Which is where we are and why so many contemporary school mottos echo little more than wishful thinking. Neither boys nor girls can do everything. An act of will does not make it so. Reality is not any old social construction you might imagine. We do not create truth; truth creates us.

That is the point. Contemporary education is teaching its pupils to believe a fantasy; that they can make the world what they would like it to be. The authority so that desire may be fulfilled is nothing other than the individual ego. The traditional notion of dignity is taken hostage without the authority or recognition of the provider. Irony is always with us.

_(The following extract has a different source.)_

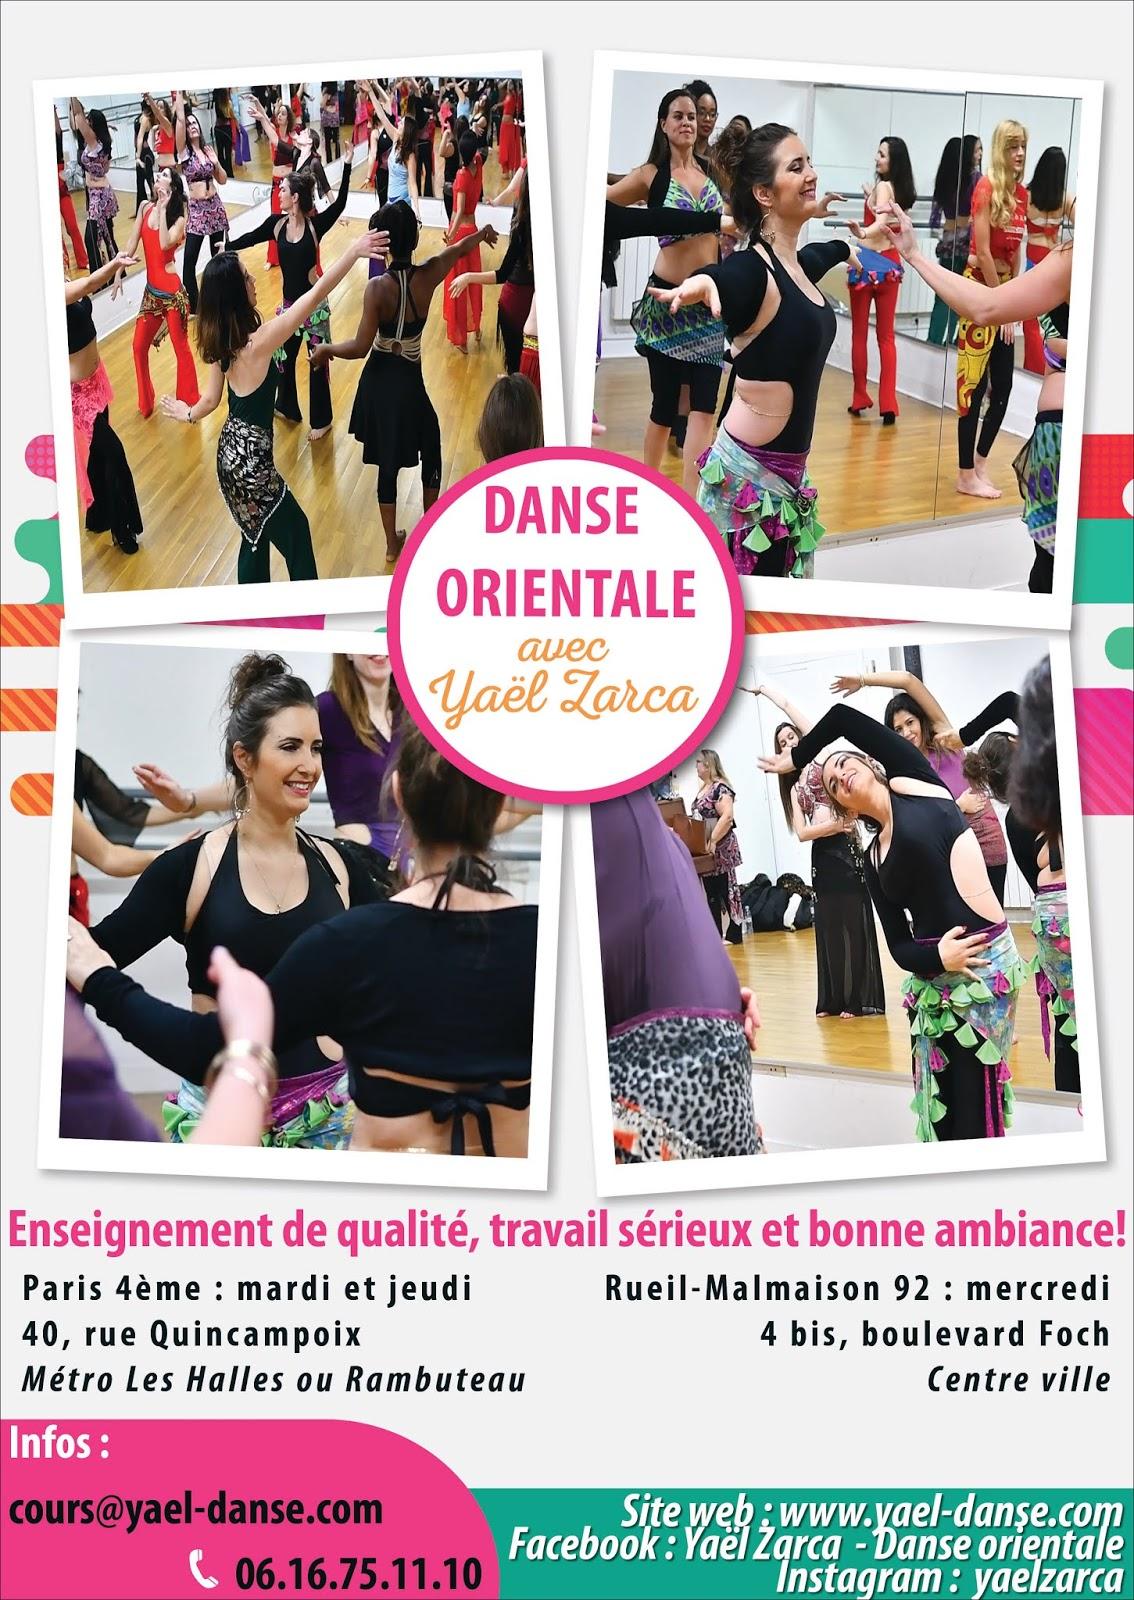 Yaël Zarca, danse orientale, Paris, danse du ventre, cours
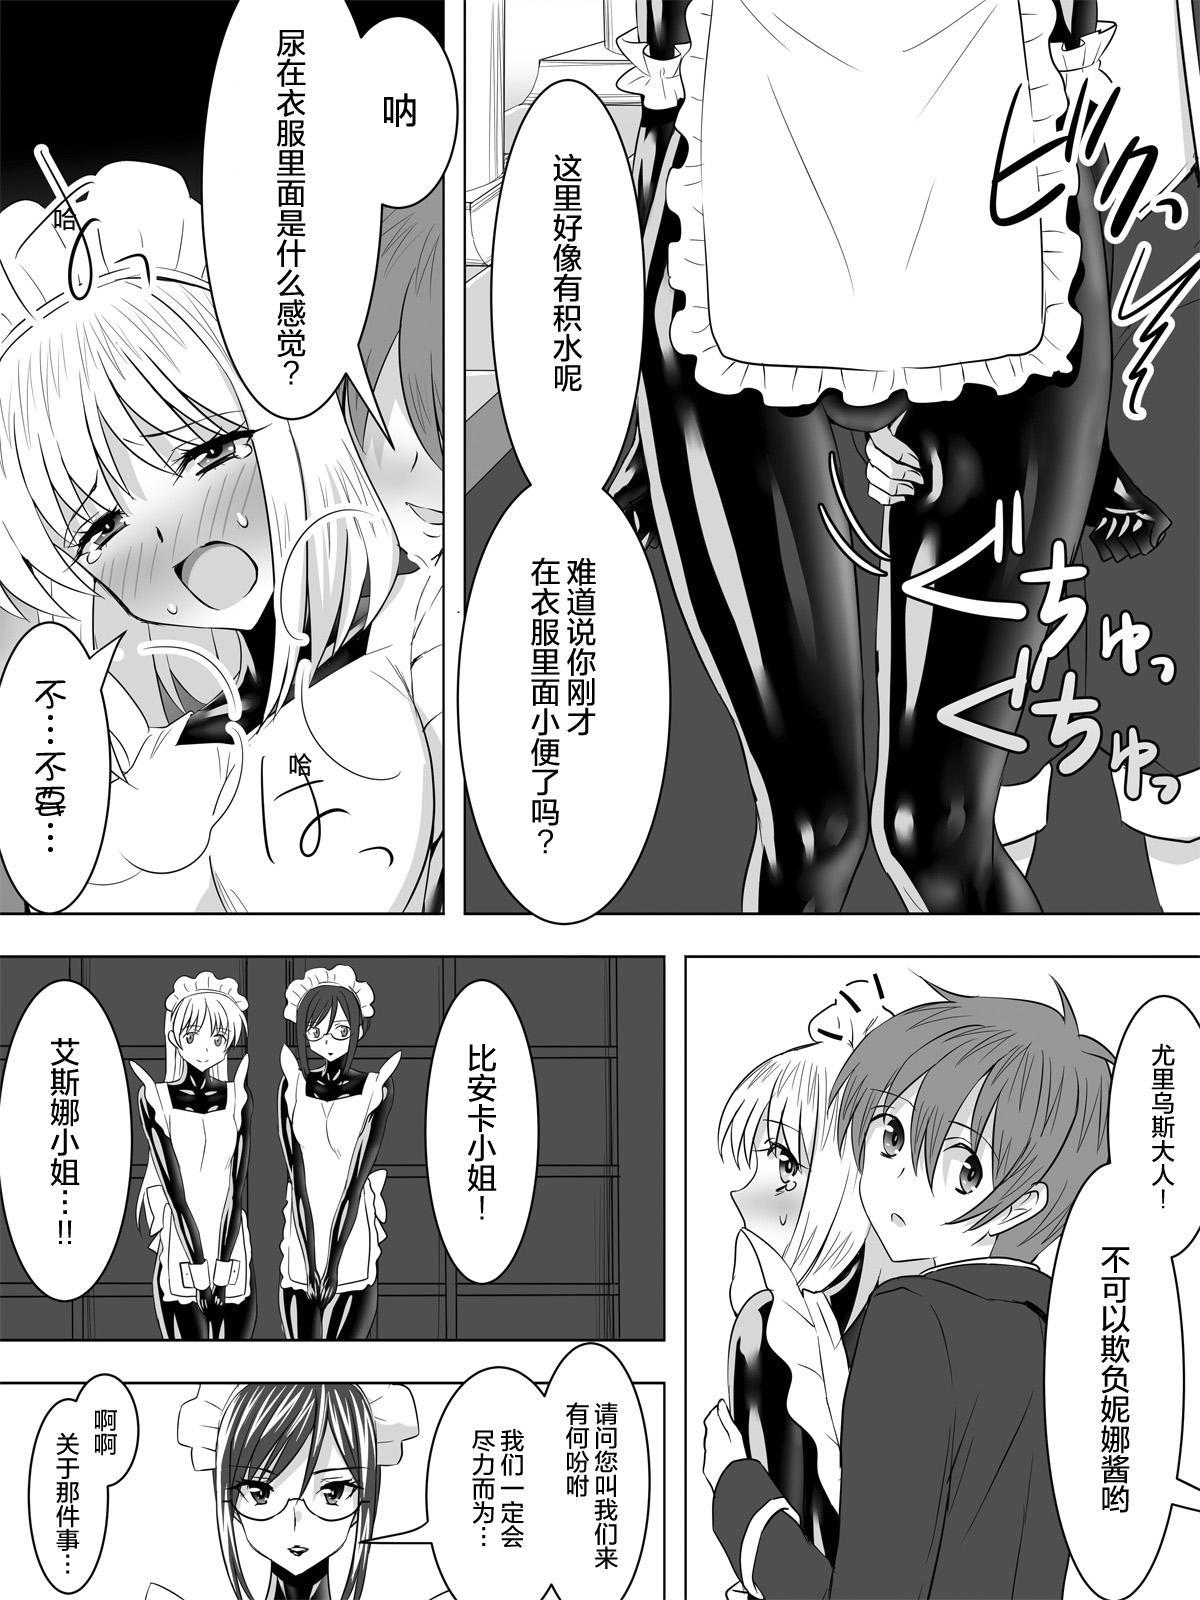 Picchiri Suit Maid to Doutei Kizoku 22

The only identity that cannot speak its name is the one that holds up the roof from which all the others shout.

The consequence is that a great and liberating declaration of human freedom, without recognition of its roots becomes the worst of tyrants. It will permit no dissent because we have lost humility’s foundation and the reason for gratitude. The necessity and comfort of forgiveness is a foreign country. Everyone becomes a victim in search of his or her rights which are apparently inexhaustible. State education must become the contemporary tool of the state condemned to relevance.

Two hundred years ago JS Mill in chapter 5 of “On Liberty” had this to say, among other things, on education. “A general State education is a mere contrivance for moulding people to be exactly like one another; and as the mould in which it casts them is that which pleases the dominant power in the government, whether this be a monarch, an aristocracy, or the majority of the existing generation, in proportion as it is efficient and successful, it establishes a despotism over the mind, leading by a natural tendency to one over the body.”

It must be self-evident to the man or woman unseduced by the contemporary heresy of self-realisation that we are in trouble. We have recalibrated the old idea of dignity to mean autonomy. The hero is the autonomous self-realising social constructor while the villain is the man or woman who would remind the self-realising social constructor that his or her vision will produce nothing more than that kind of slavery we used to call narcissism.

Bruce Logan is a board member of Family First NZ.